Content starts

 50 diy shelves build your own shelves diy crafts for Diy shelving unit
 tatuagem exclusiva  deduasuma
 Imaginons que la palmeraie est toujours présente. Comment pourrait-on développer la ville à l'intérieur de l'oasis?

Content ends
Content starts

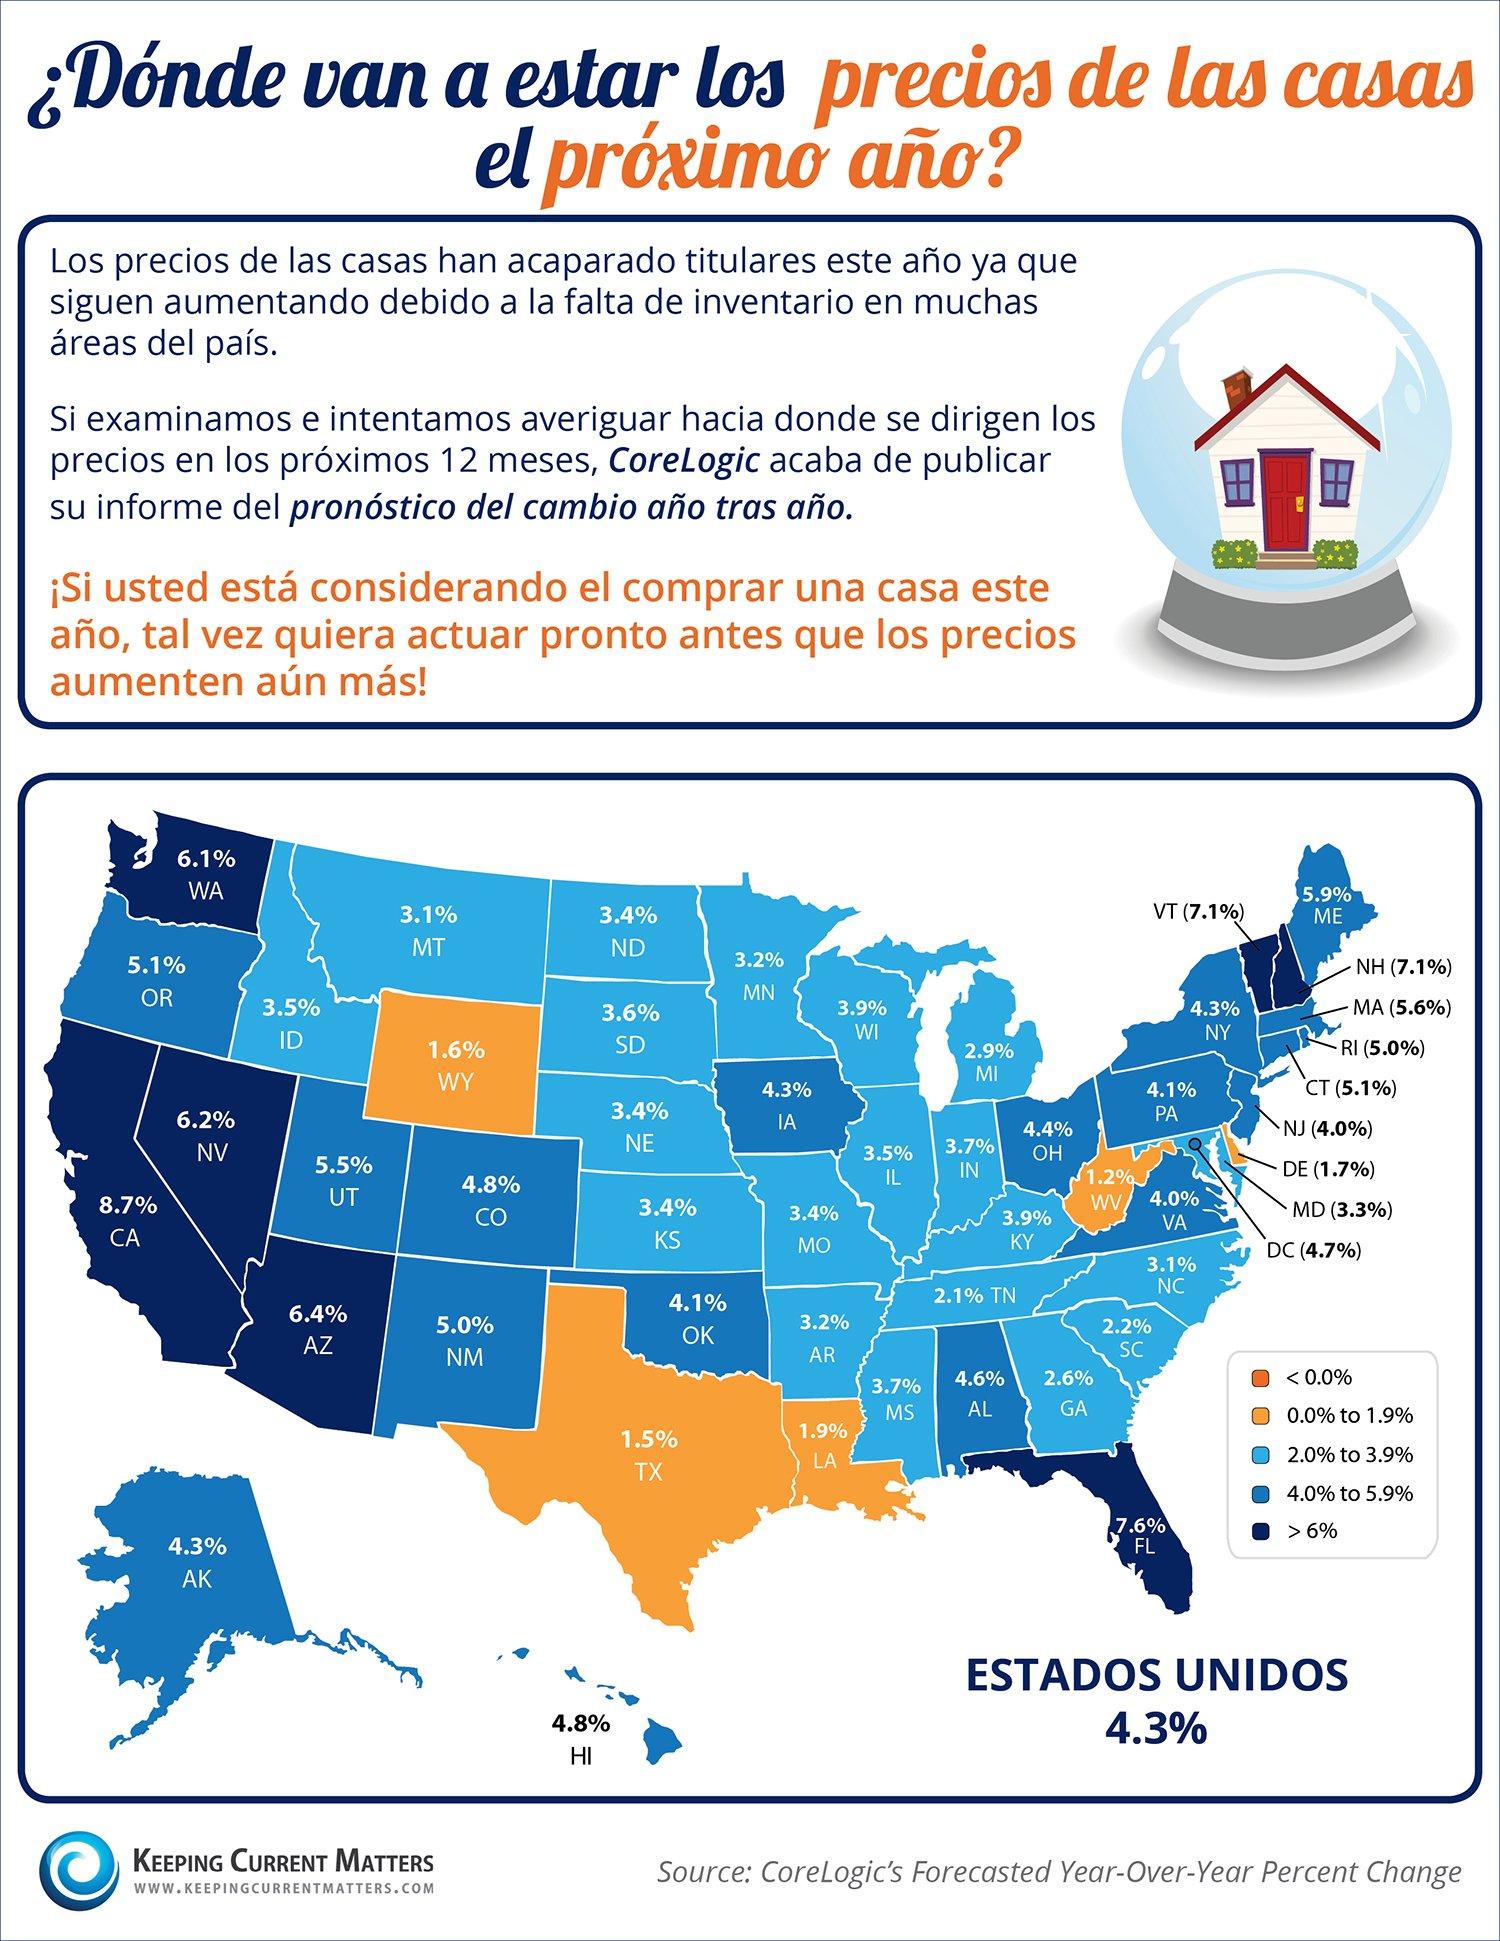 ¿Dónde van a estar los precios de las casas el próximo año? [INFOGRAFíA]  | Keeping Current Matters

Content ends
Content starts

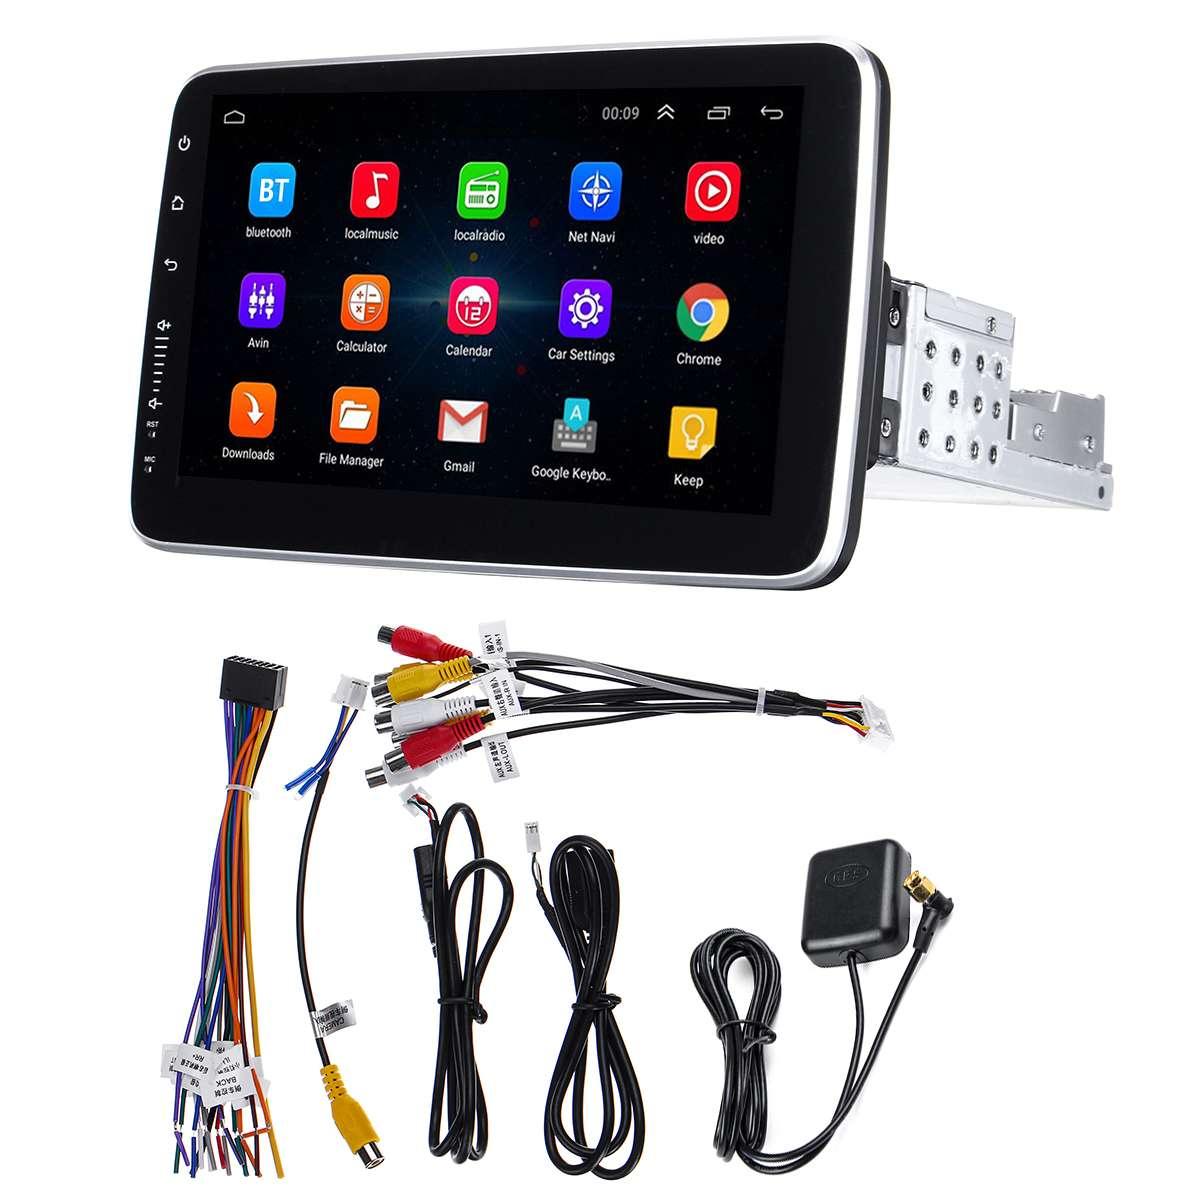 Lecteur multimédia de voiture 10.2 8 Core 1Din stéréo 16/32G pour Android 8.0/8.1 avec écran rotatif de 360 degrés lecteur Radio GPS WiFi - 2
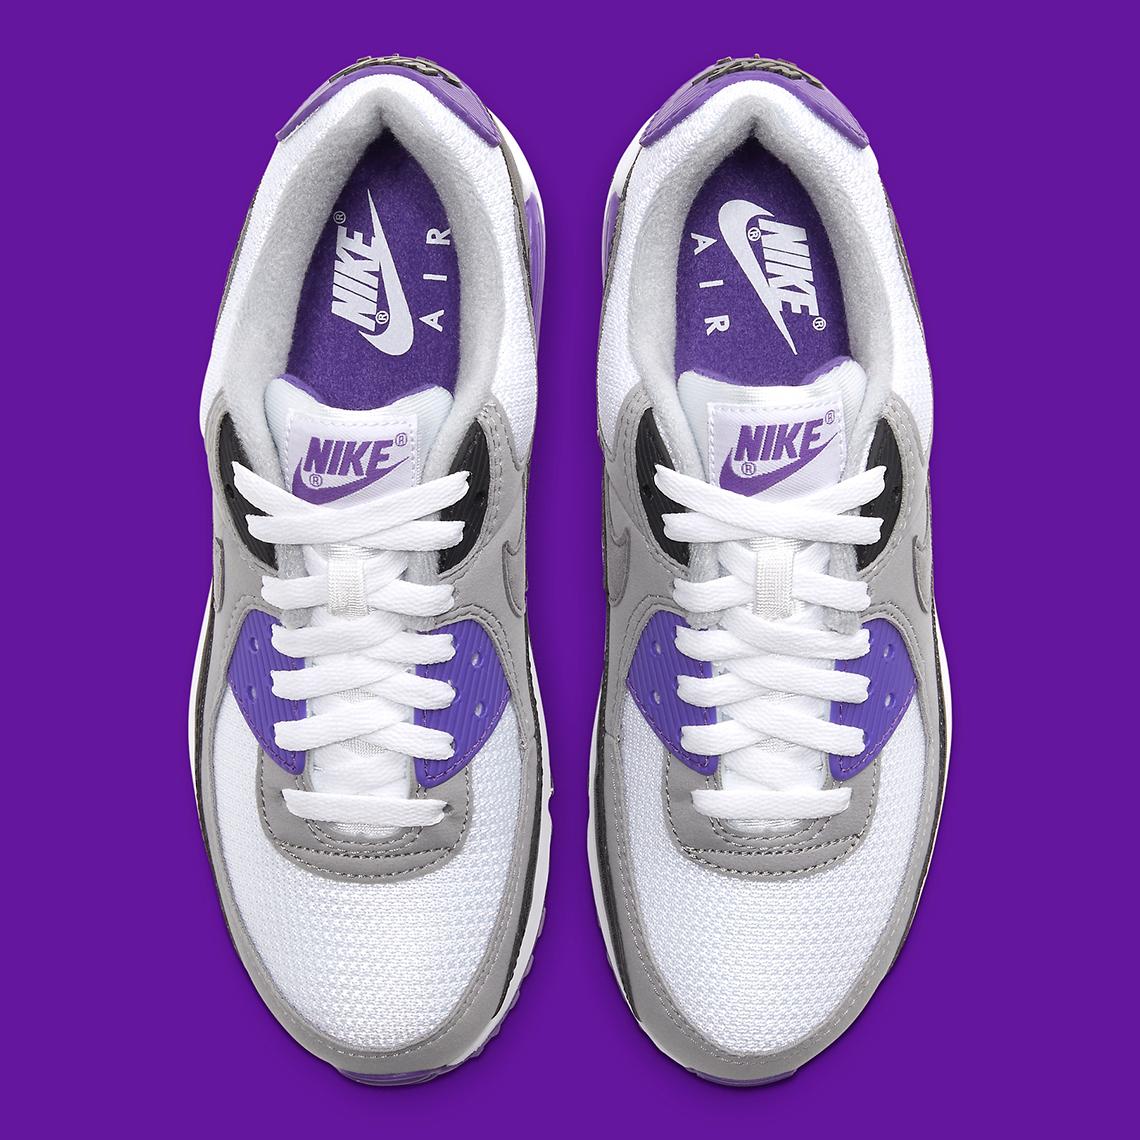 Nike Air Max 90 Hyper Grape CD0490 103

Content ends

### [The task]
Using the entries above, return exactly the lines from the line with "50 diy shelves" to the line with "Imaginons que la", counting both of those lines.

### [Reply]
 50 diy shelves build your own shelves diy crafts for Diy shelving unit
 tatuagem exclusiva  deduasuma
 Imaginons que la palmeraie est toujours présente. Comment pourrait-on développer la ville à l'intérieur de l'oasis?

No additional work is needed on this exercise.